Cryptocurrency is a hot topic in tech circles. And, while Bitcoin has been a trendsetter – earning a reputation as the de facto standard for cryptocurrencies – it’s not the only player in the market. Litecoin, Ethereum, Zcash, Dash, Ripple, Monero and Dogecoin are also making a splash in the digital money world.  

But what exactly is cryptocurrency and how could it impact future inheritances? 

Put simply, cryptocurrency is digital cash. Software-based, it is stored in an electronic file and traded online. Cryptocurrency has a ledger, balances, passwords and account numbers, so it’s a bit like online banking without the central bank. It also comes with inbuilt virtual wallets where you can store your cryptocurrency as you would with a real wallet.  

Designed to be cheaper and more reliable than standard currency, cryptocurrency removes the middleman. But, perhaps more revolutionary, ownership of cryptocurrency can be pseudonymous.
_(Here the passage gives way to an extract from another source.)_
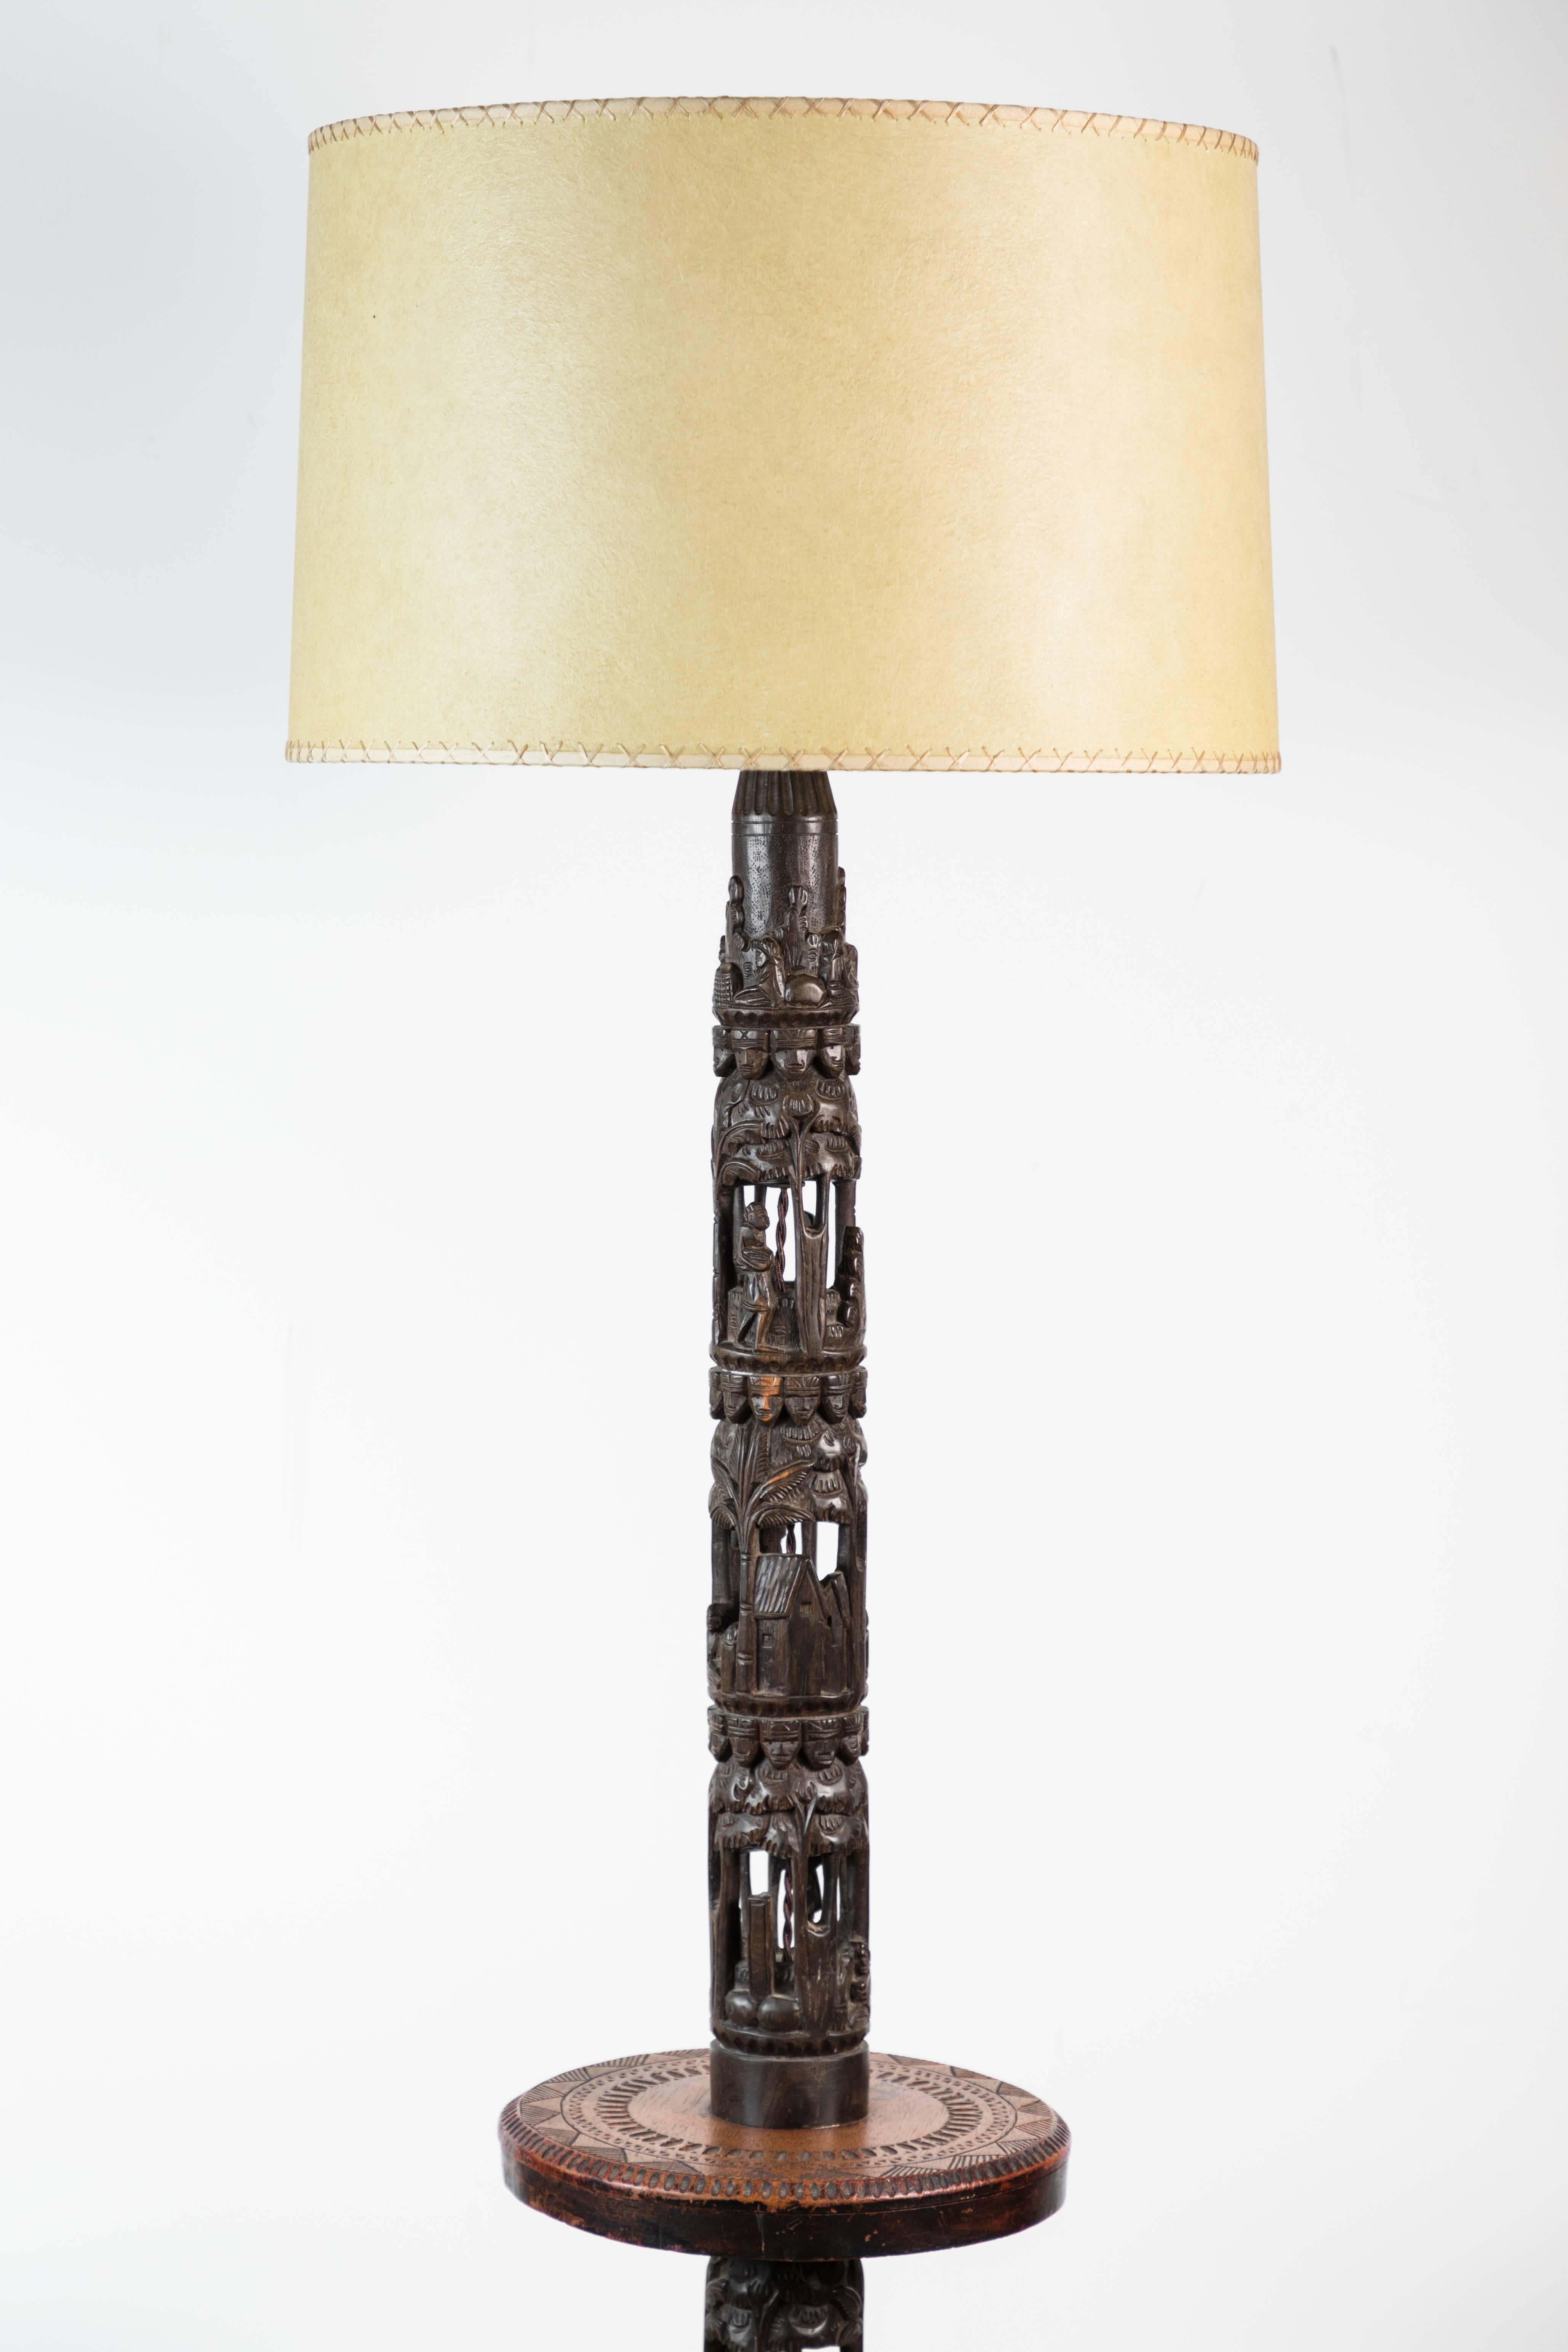 Beautiful floor lamp of African hand-carvings assembled into a floor lamp in France, mid-20th century.
Fertility symbolism throughout. Intricate details hand-carved details. Unknown African regional tribe. New wiring and new custom laced banded

And that has implications for estate planning.  

For example, if someone owns cryptocurrency pseudonymously, there is no way of knowing unless they tell you. And to gain access to this digital money you need the relevant access keys. In fact, without this information cryptocurrency wealth is unreachable. As such, it’s vital that anyone who owns cryptocurrency puts adequate provisions in their Will. If not, the cryptocurrency will lie dormant.  

Understandably, however, many owners are unwilling to reveal their private key while they are still alive. Let’s face it, you wouldn’t hand over your online banking password information so why should this be any different? What’s more, in line with The Law Society’s official guidance, many solicitors decline to take possession of passwords.  

Helping to address this issue, some cryptocurrency exchanges have already established policies to transfer funds to the next of kin when someone dies. Also, in an increasingly online world, many trust and estate practitioners are now helping clients to create online vaults where they can store details of their digital assets, such as their cryptocurrency access information.  

Another issue is that, while cryptocurrency isn’t an official currency of any country, that doesn’t mean it isn’t liable for Inheritance Tax. In fact, cryptocurrency needs to be included as part of the usual probate process. As such, the value needs to be reported, and any tax paid to HMRC as part of the standard Inheritance Tax process. As such, cryptocurrency must be considered seriously during the estate planning process to avoid hefty Inheritance Tax bills. 

Furthermore, it pays to be aware that cryptocurrency values have been volatile. So even if someone thinks they are leaving a particular amount to a beneficiary, this might not be the case. For trust and estate professionals and estate administrators, the changeable value of cryptocurrency comes with an added concern, because, if the value falls dramatically due to an unjustified delay in selling, beneficiaries may seek reparation for any losses.